Assuming the 45-50 million uncovered people is an accurate number, then at least 2 alternatives present. First, the US government could advertise for bids from insurers to cover those people. At $10,000 per person, that comes to $500 billion. Very expensive, but a simple solution beyond belief. Second, the US Government could create a “fall back” insurance agency, which anyone could “buy” into. A “health” tax would be added to your FICA now at 7.65% matched by employers total 15.3% of payroll. Let us say we start the “health” tax at 5% and matched by employers. Total of 10% would be collected. Any shortfall would of necessity be made up out of the General Fund.

How to lower the rate of increase in health care will not be so easy. Putting everyone’s health care information in a giant data base accessible by any legitimate provider would be a start. While that is easy to do electronically, the issue of security of the 300 million or so individual patients is not so easy.

Another cost increasing habit we have slid down the slippery slope into over the past 40-50 years, is the lack of or shortage of general or family practitioners and the over-supply of specialists. Because in part it is so easy to base reimbursement payments on procedures performed, and not so easy to give value to a quiet sit-down with your family doctor for some “grandfatherly” medical advice on life types, and etc.

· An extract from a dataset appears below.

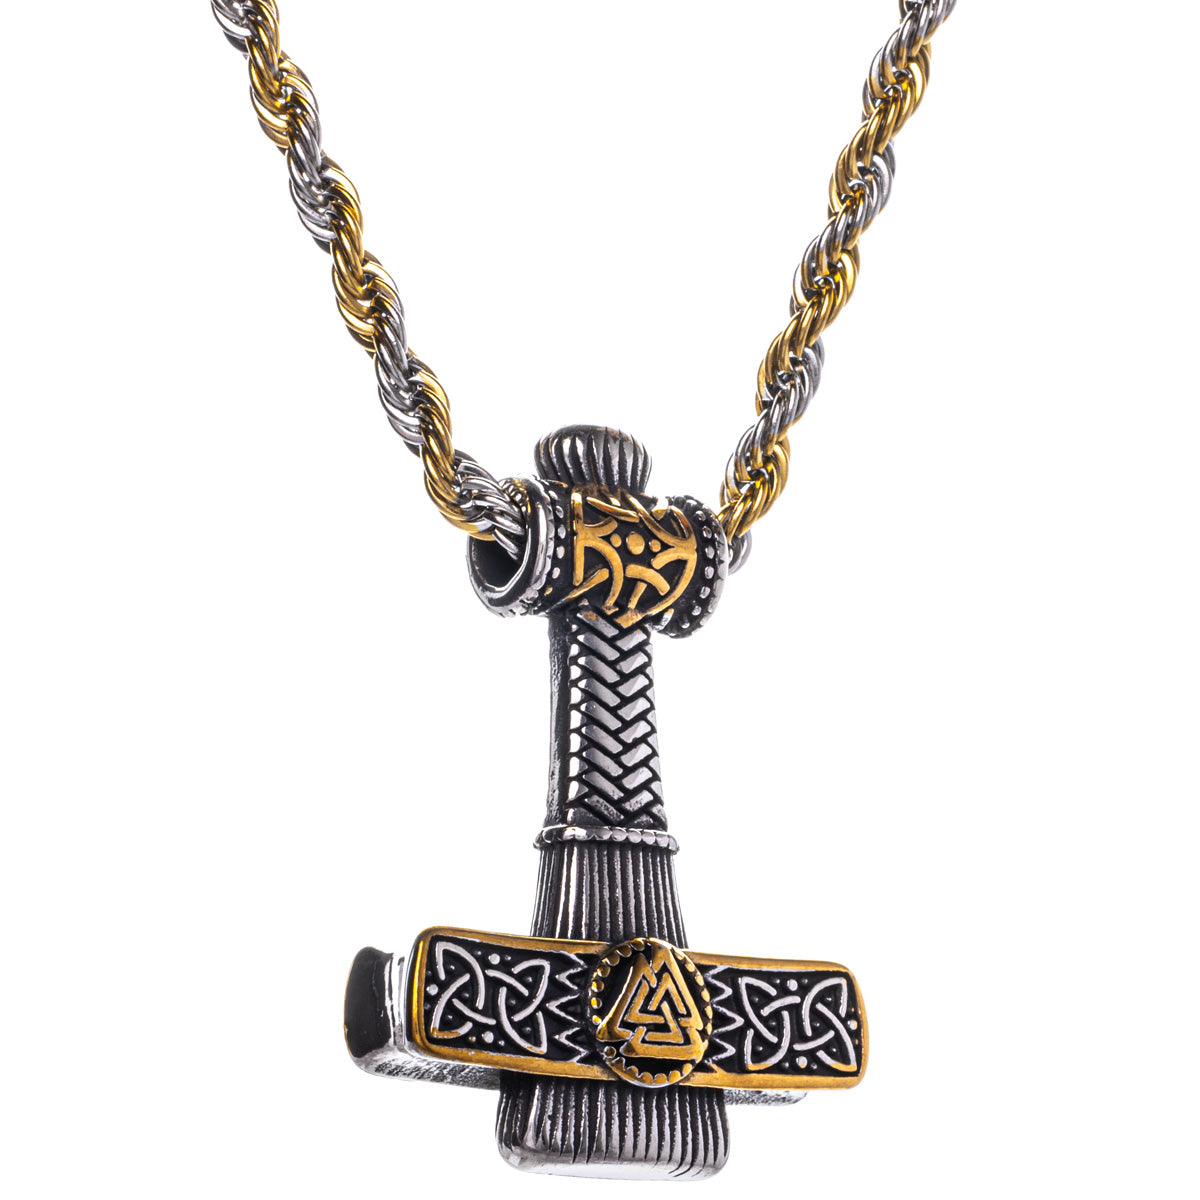 Two-tone Thor's hammer Mjölnir pendant necklace with Aegishjalmur symbol (Steel 316L)

Another way to save, and I’m not sure how often this would apply, is duplicating tests. Once I had a very sore knee and I could barely walk on it. With a relative in the health care system I was able to get into my regular doctor that same day. My good fortune continued as the weekly visiting orthopedic surgeon was also on the premises. He saw me and ordered an old fashioned x-ray of my knee. Because in part I am an old person, he found signs of arthritis on my knee joint but he said it should not cause my complaint. He ordered a MRI, that miraculous machine that can look inside of you!

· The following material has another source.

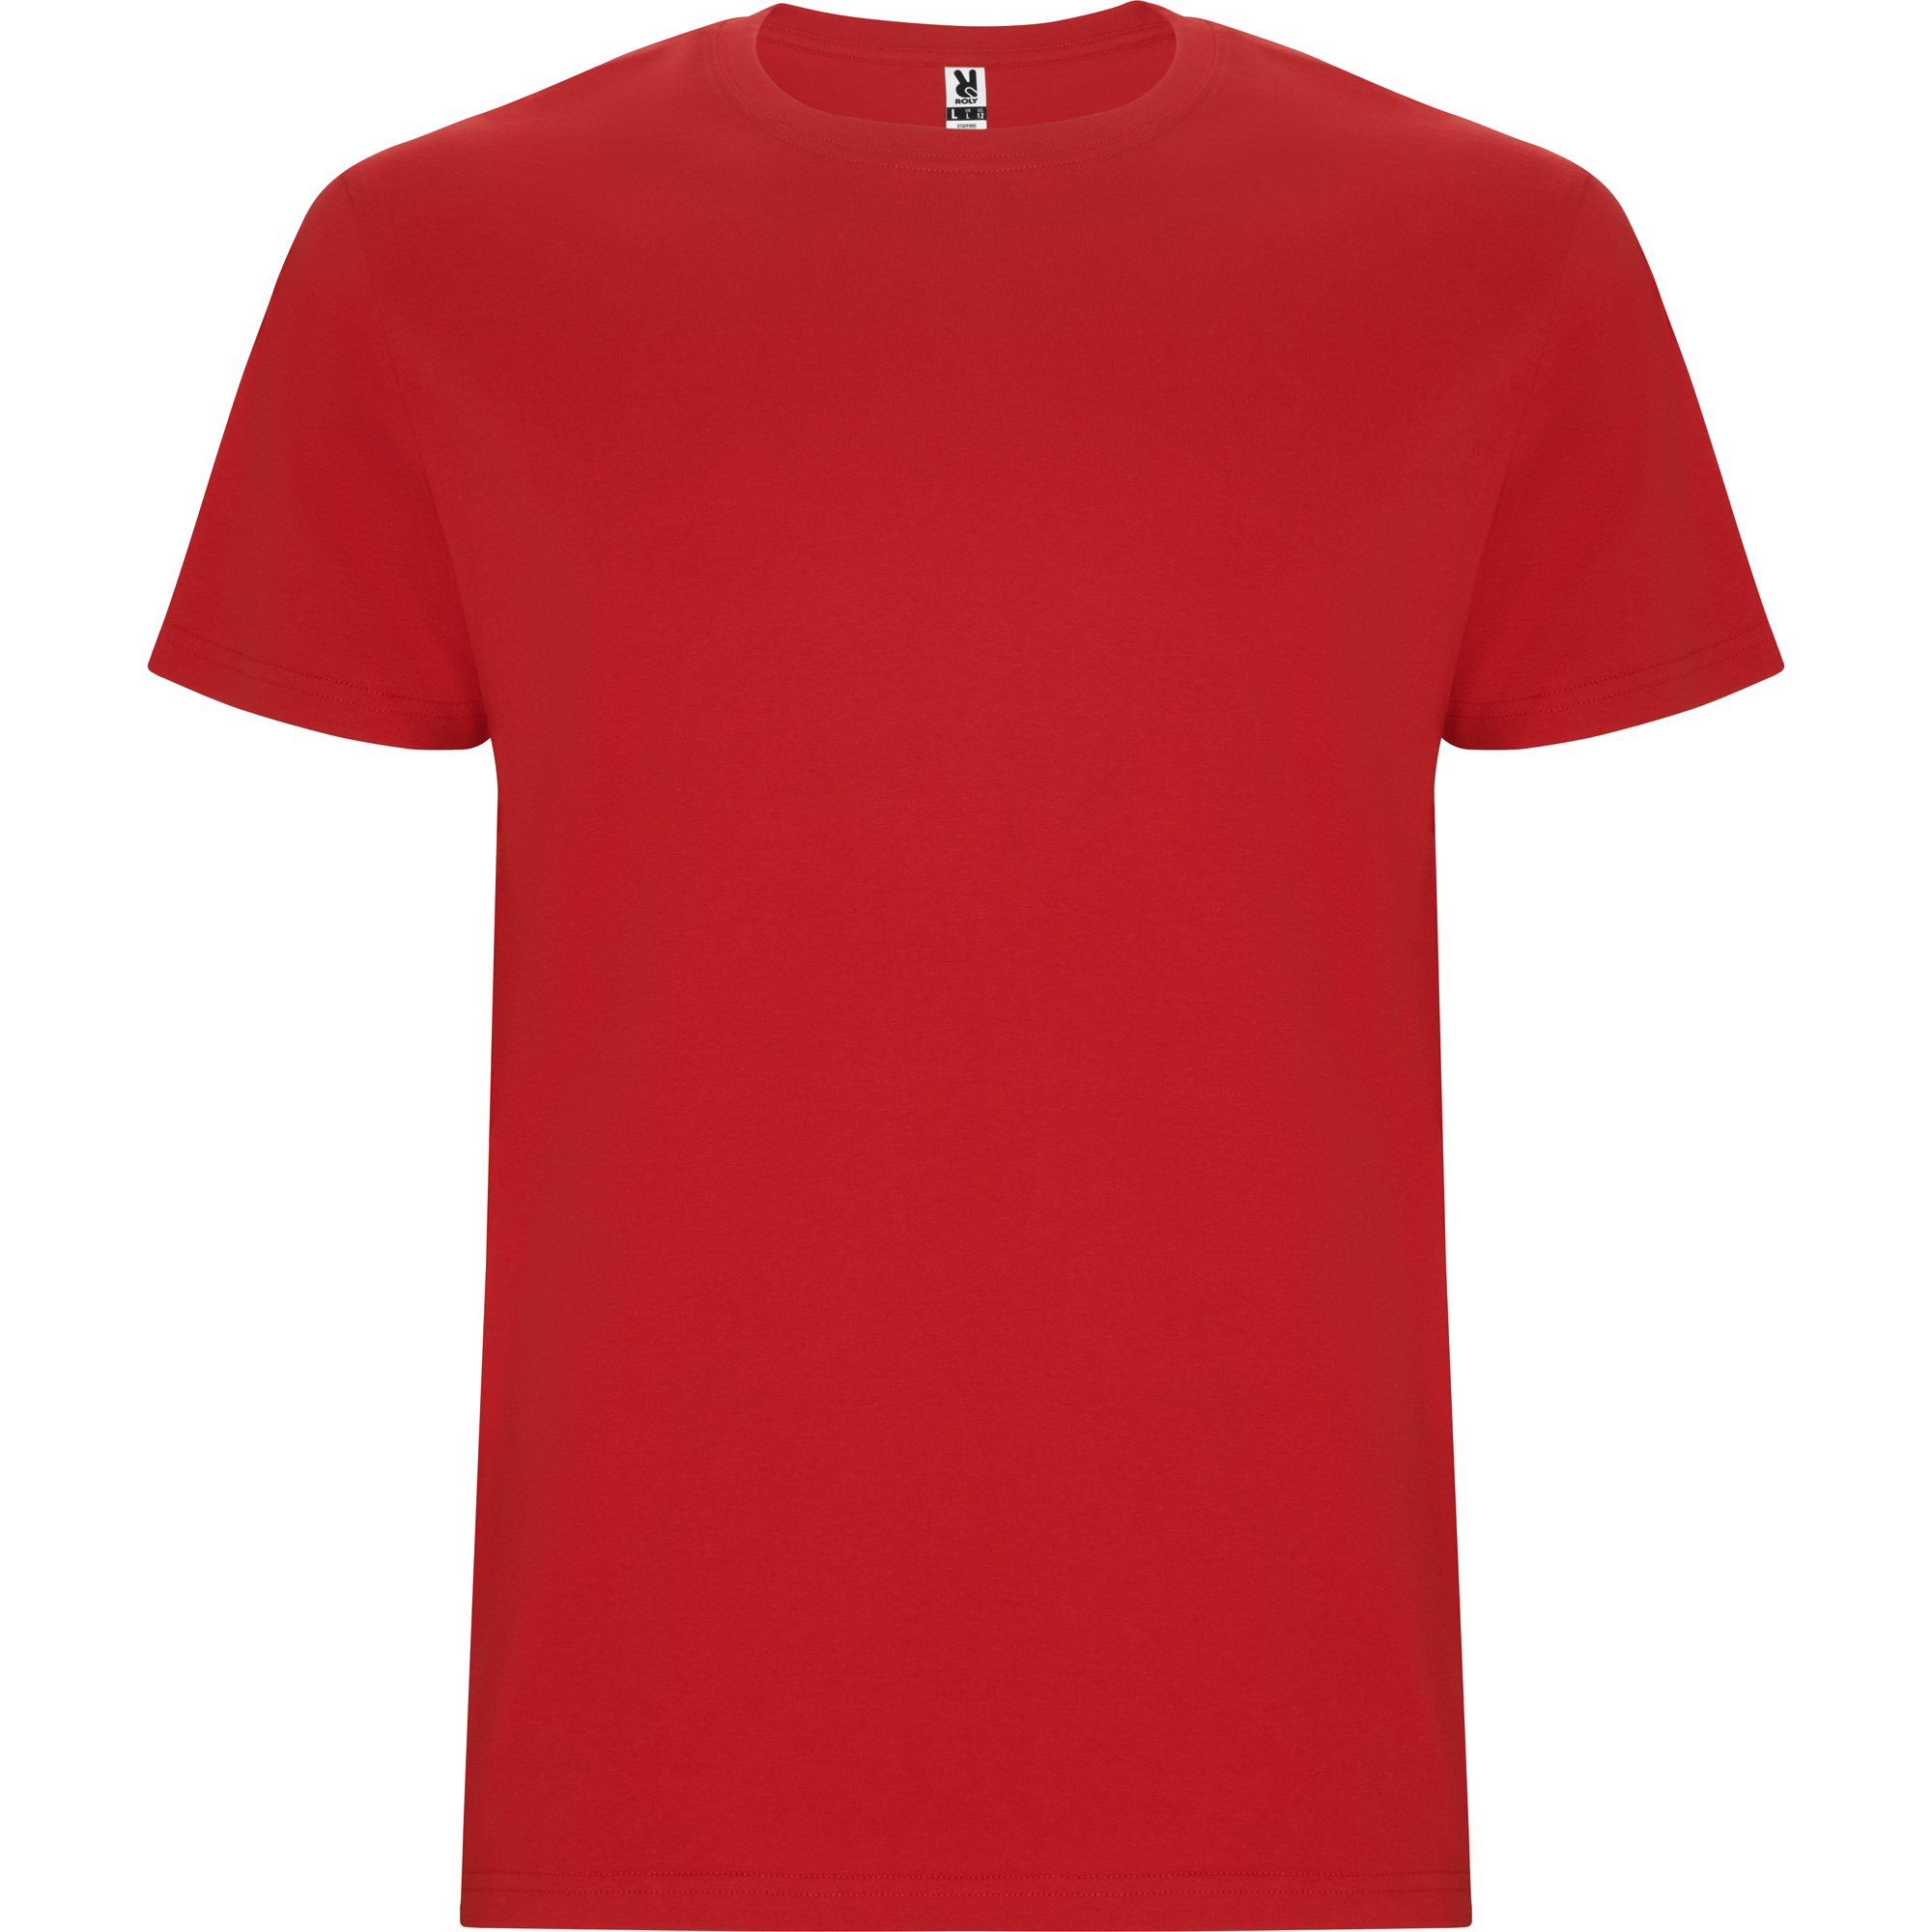 r6681-roly-stafford-t-shirt-tubolare-rosso.jpg

Good x-ray machines cost $50-$100,000 to buy and the price of film and a technician to operate. When MRI machines first became available they were priced at $1 million. That was 20 years ago so I do not know if a new MRI machine costs MORE or LESS today. I do know it can be operated by a technician without a MD on the premises. In any case, I had a MRI done on my knee. Because the patient must remain stationary for several minutes holding the knee in a particular position, I can tell you IT HURT! How much? Well, I said to myself if I have to undergo any more MRI, I’m taking TWO shots of Jack Daniels (Black Label) before I have it done!

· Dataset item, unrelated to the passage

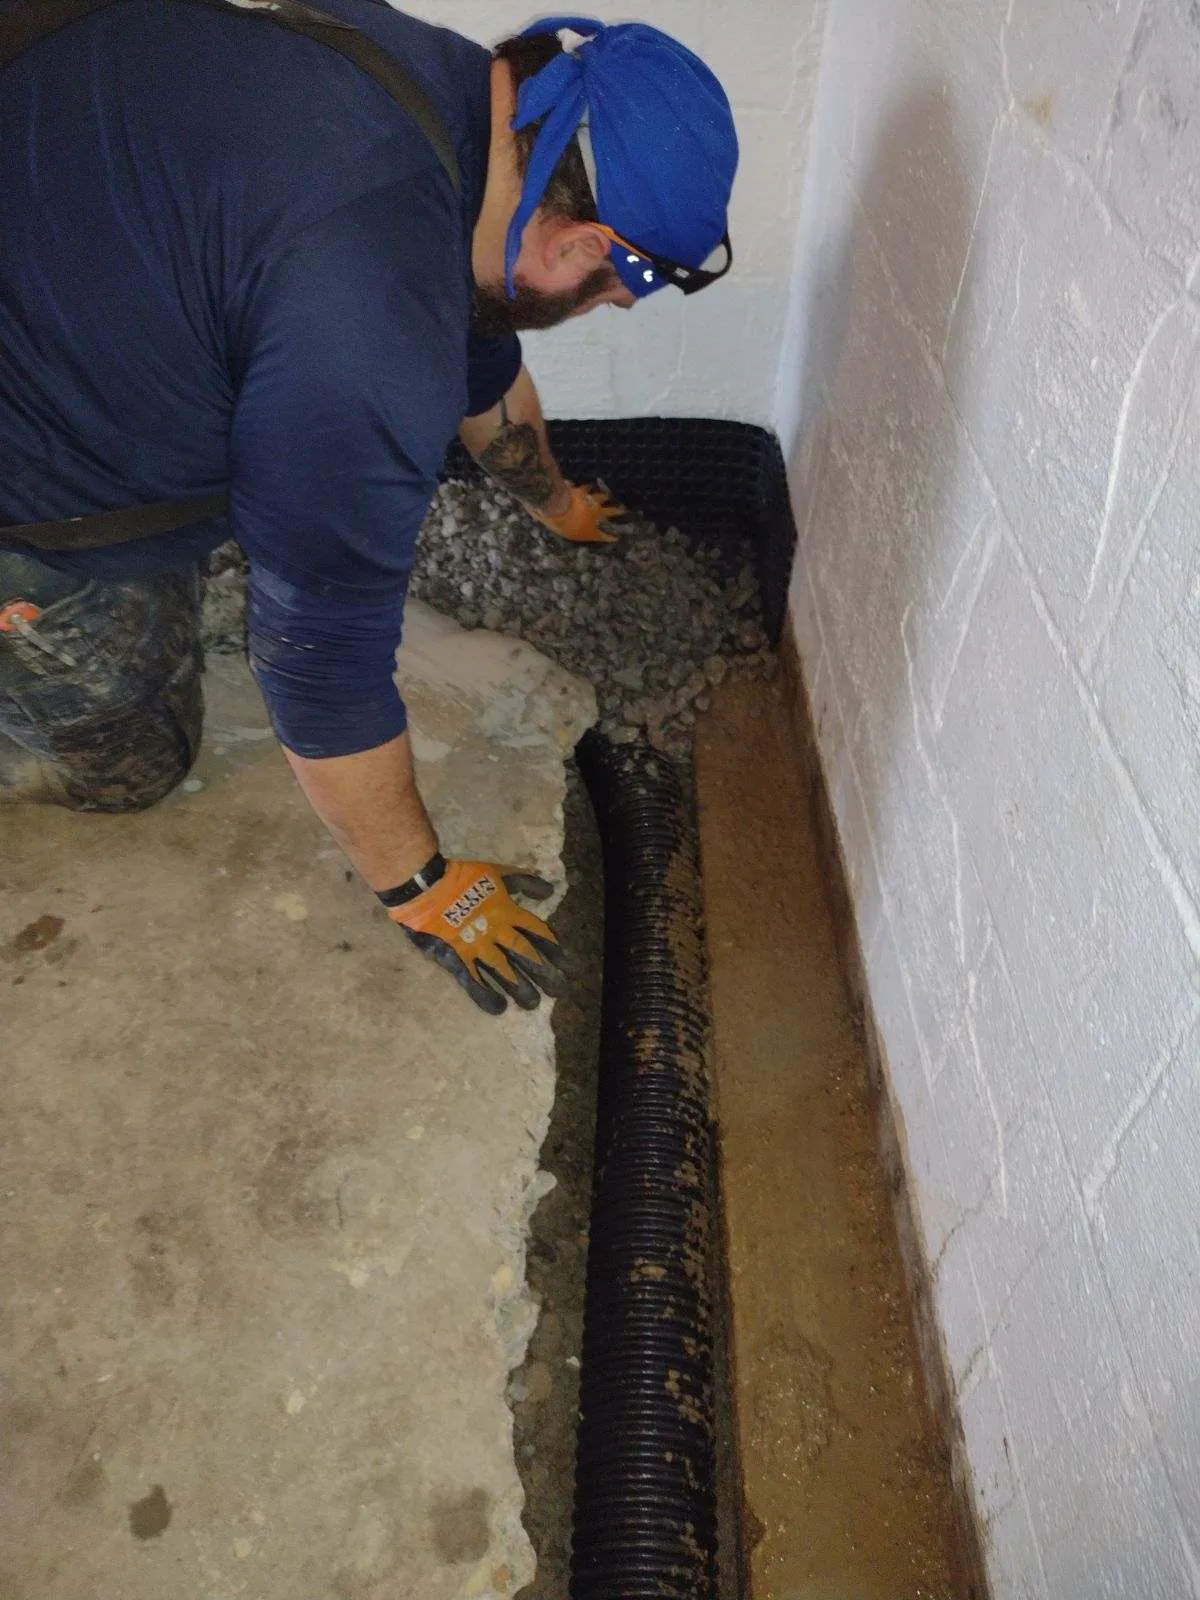 AquaGuard employee skillfully waterproofing a basement

The MRI revealed I have no cartilage on the moving parts of my knee. That explained the pain. I got one shot of cortisone in the knee - painless - and LOST 120 pounds, and I am no longer bothered by a sore knee. If I had not lost that excess weight, I would very likely have had a knee replacement. And this is a problem that raises America’s health care costs by some huge amount. Maybe as much as 30%! So what do you do for that?

We have an example to look at. Tobacco. Tobacco was a new world plant. One of the first items the early explorers took back to Europe was tobacco. And the habit of smoking it! By the 1930s tobacco was a cash crop for millions of farmers. Grown primarily in Virginia, Kentucky, North Carolina and Connecticut, those states managed to get far more than they otherwise would have because the US Senate is organized on the seniority basis. In the 1930s era of the New Deal, the 8 senators from the states I have mentioned exerted great control over the laws enacted by the Senate. Part of what they did was “take care” of their constituents.

After statically proving that tobacco causes cancer, we have almost eliminated smoking as a health factor here. We have nearly taxed it out of existence, at least in our country. Whether it is ethical to make a product here and send it aborad where it can kill the users is apparently an open question although I fail to see how it can be a question at all.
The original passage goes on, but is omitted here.